======== DATA BELOW ========

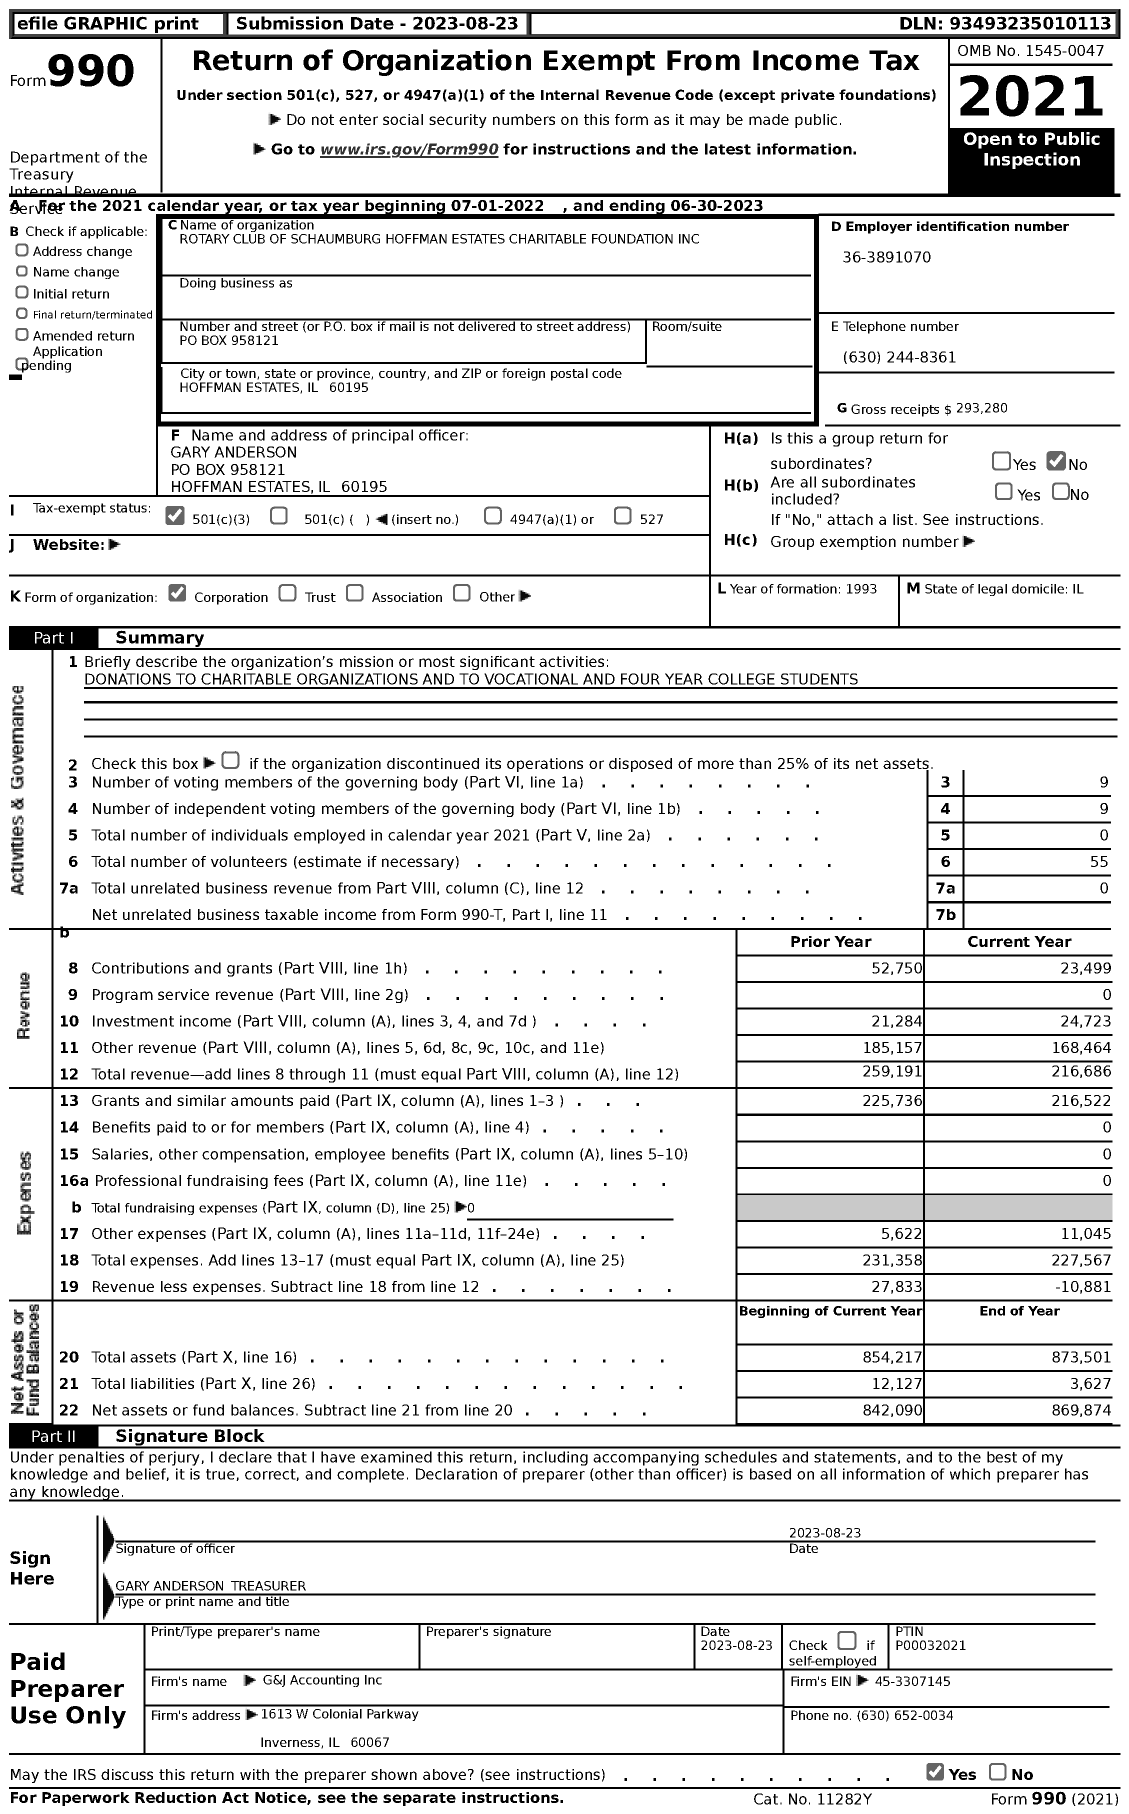 Image of first page of 2022 Form 990 for Rotary Club of Schaumburg Hoffman Estates Charitable Foundation
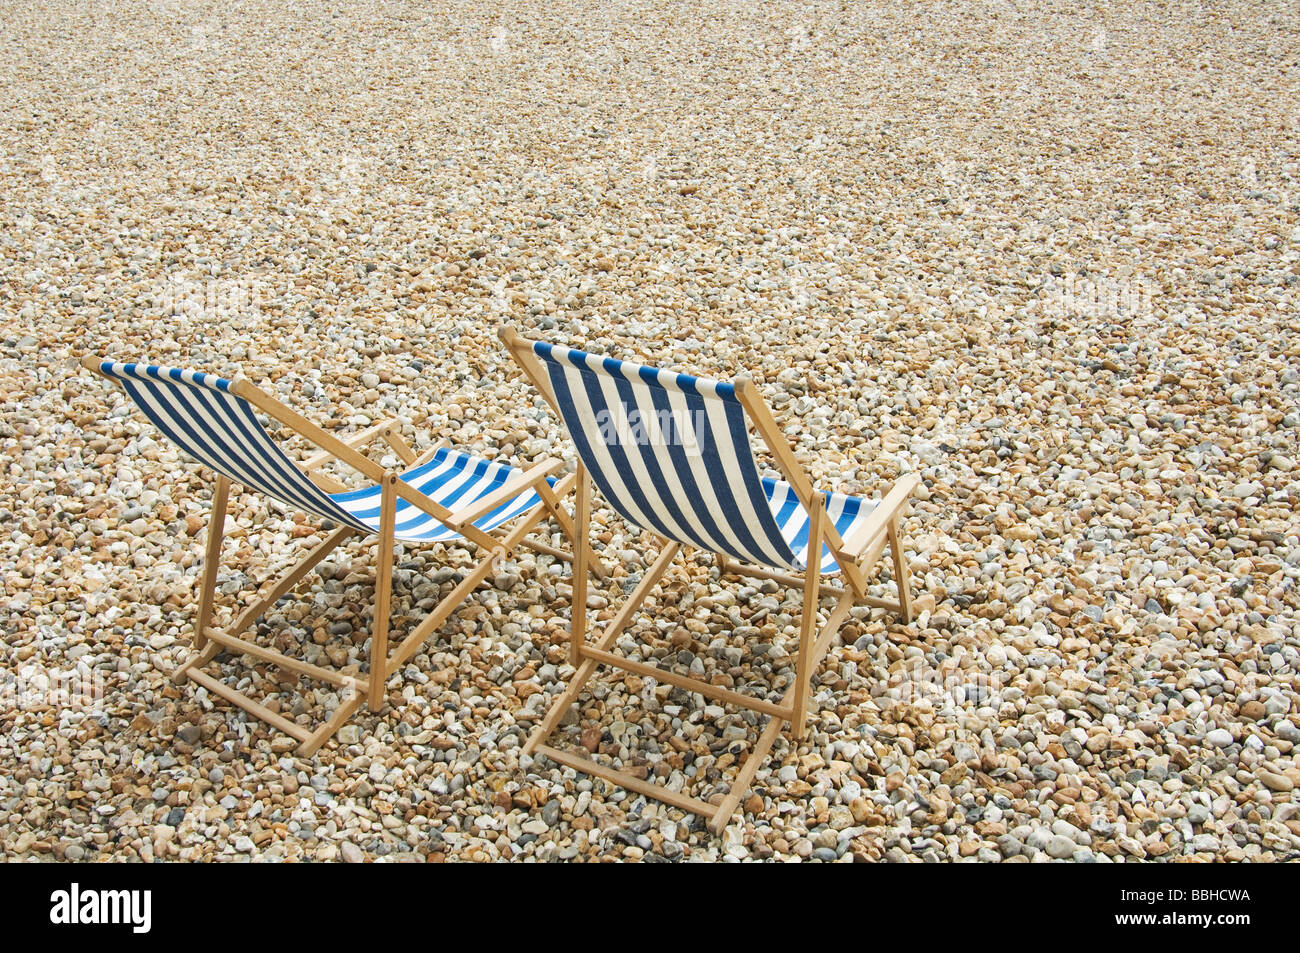 Two blue and white striped deck chairs on pebble beach Stock Photo
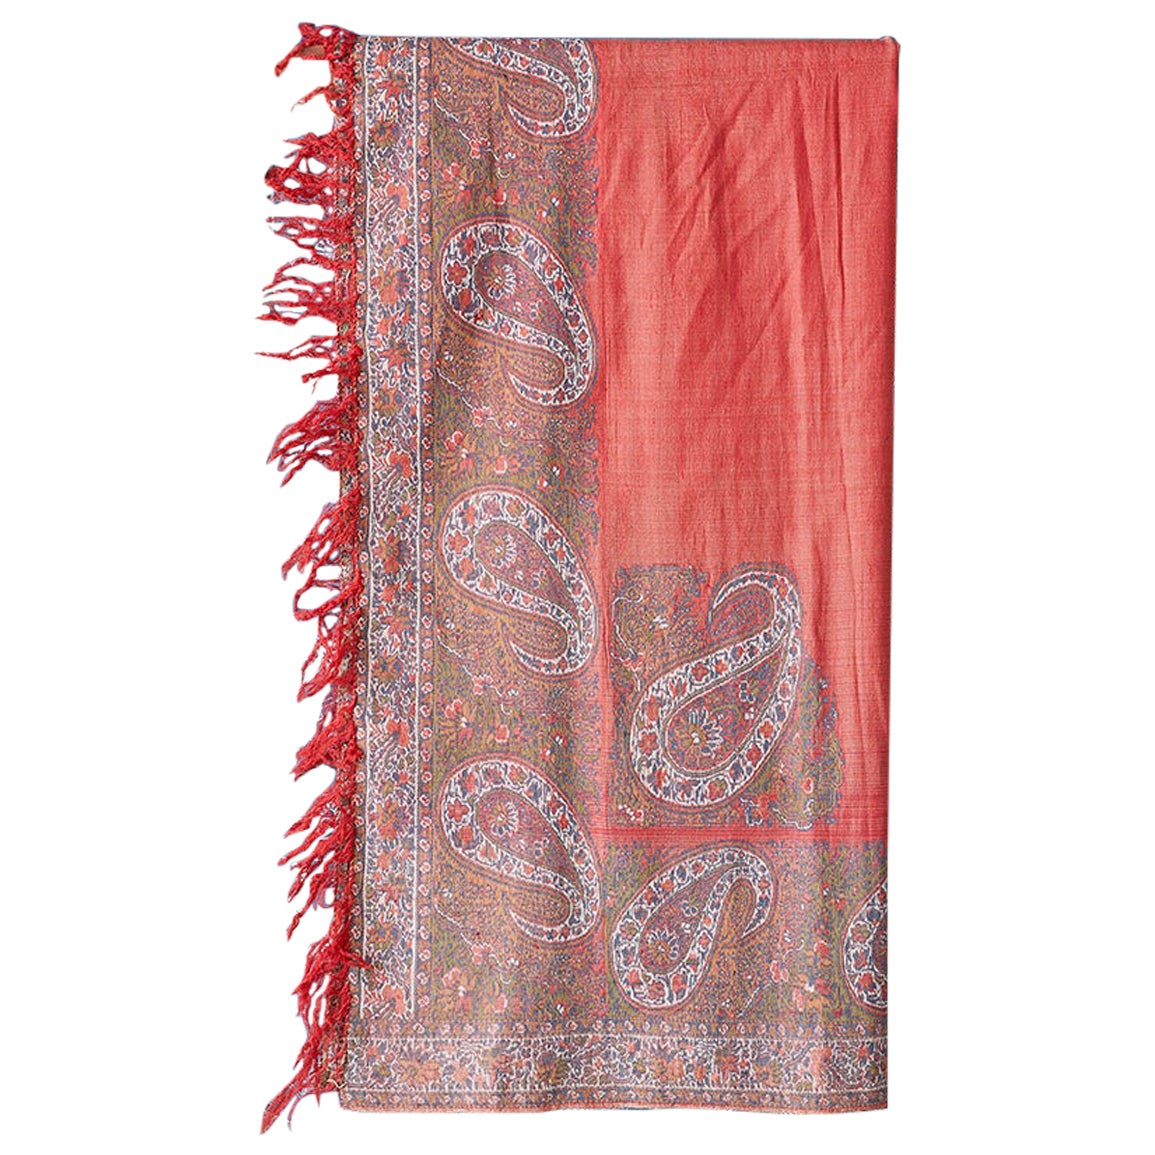 Antique Woven Paisley Shawl Blanket in Wool and Silk, USA, 19th Century
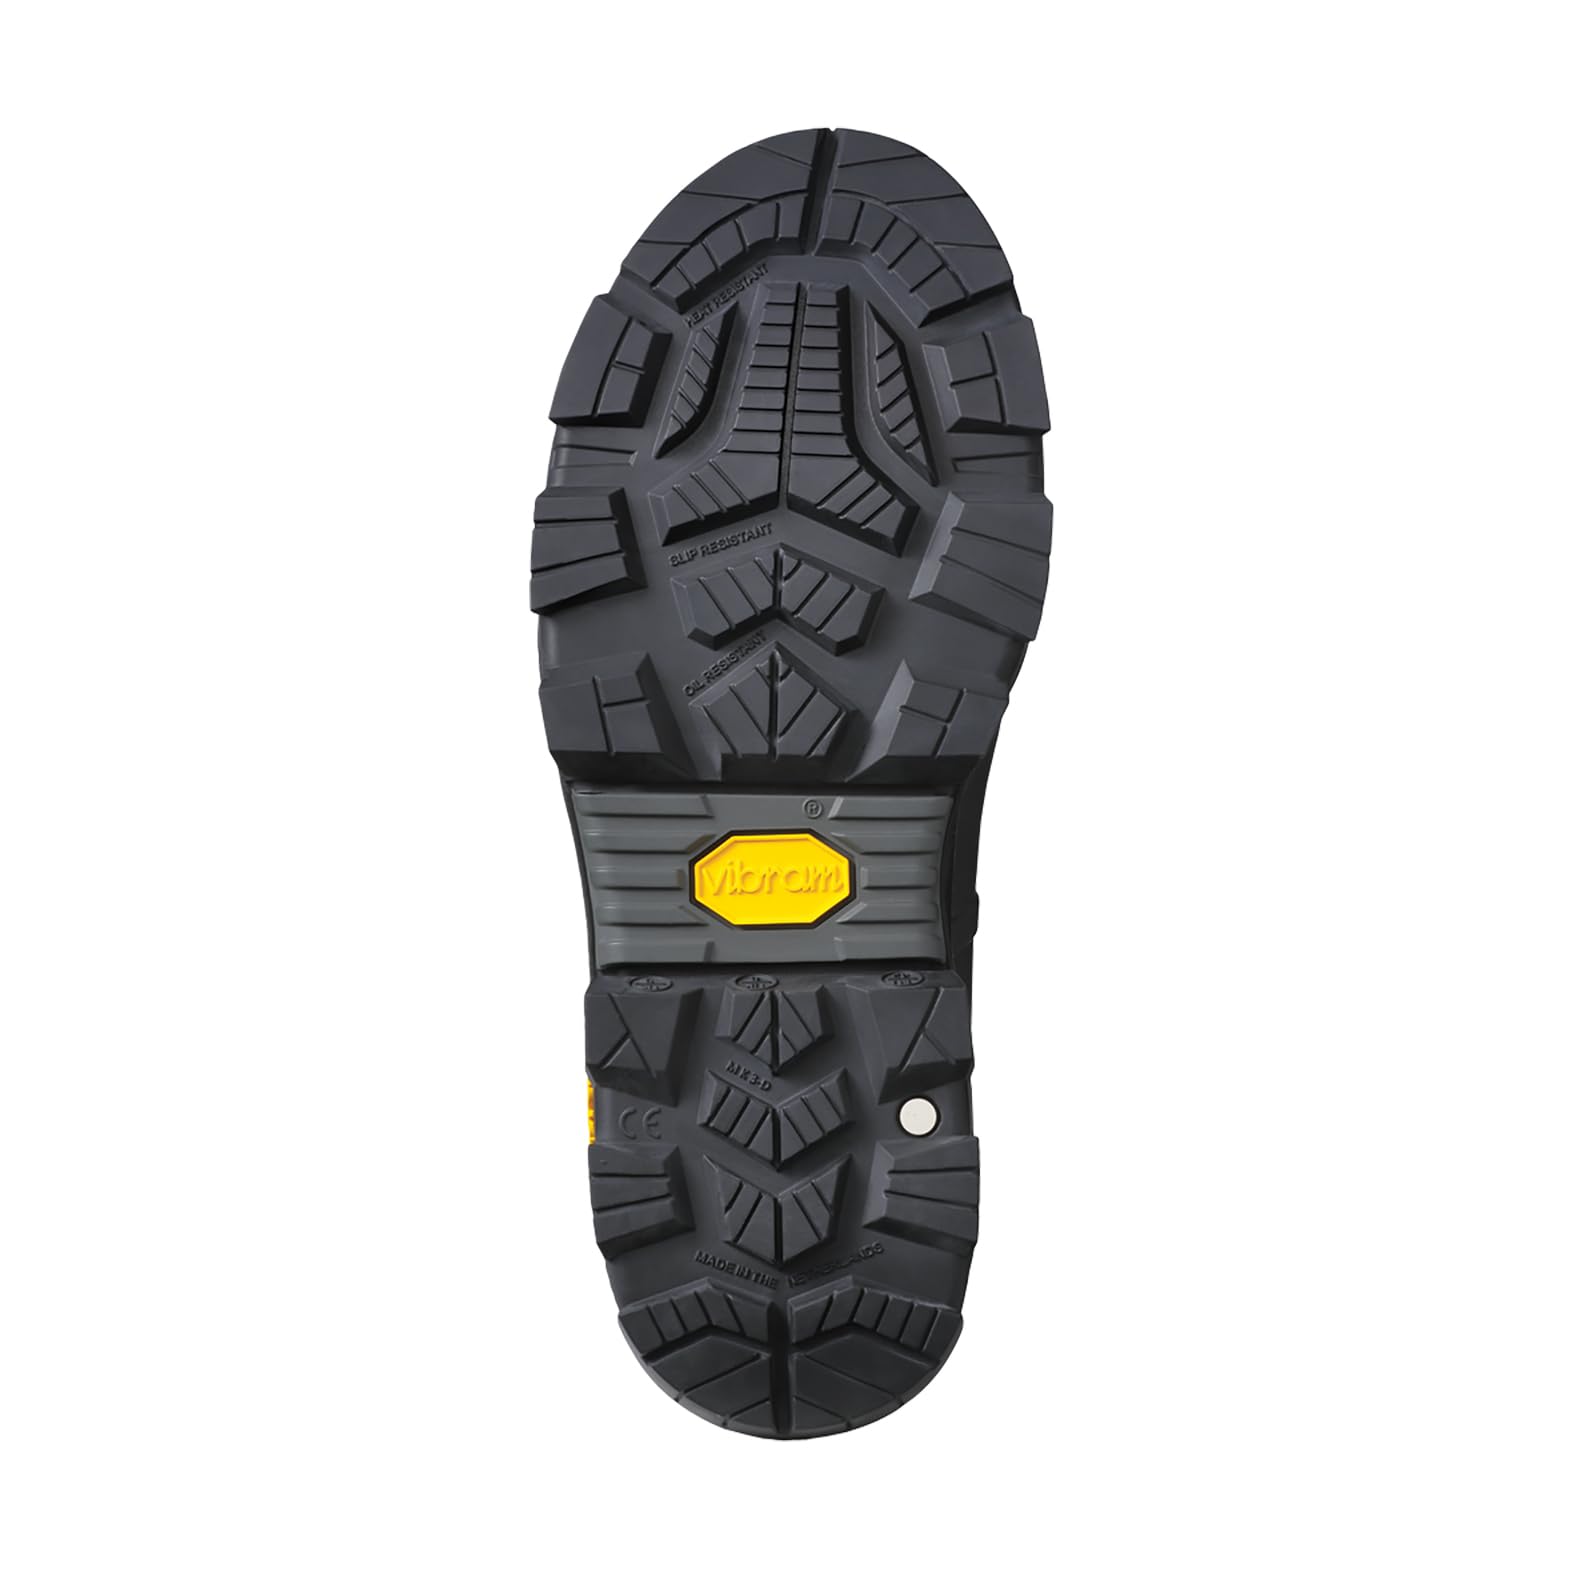 DUNLOP Men's CC22A33 Purofort+ Expander Full Safety with Vibram Sole,100% Waterproof,PVC, Lightweight and Durable Protective Footwear, Black, 12

========

§ **EXERCISE GOAL**
Please print the span that begins at the line holding "Antique Woven Paisley" and ends at the last line of the data, both ends included, with no pictures.

§ **SOLUTION FOR THIS EXERCISE**
 Antique Woven Paisley Shawl Blanket in Wool and Silk, USA, 19th Century
 DUNLOP Men's CC22A33 Purofort+ Expander Full Safety with Vibram Sole,100% Waterproof,PVC, Lightweight and Durable Protective Footwear, Black, 12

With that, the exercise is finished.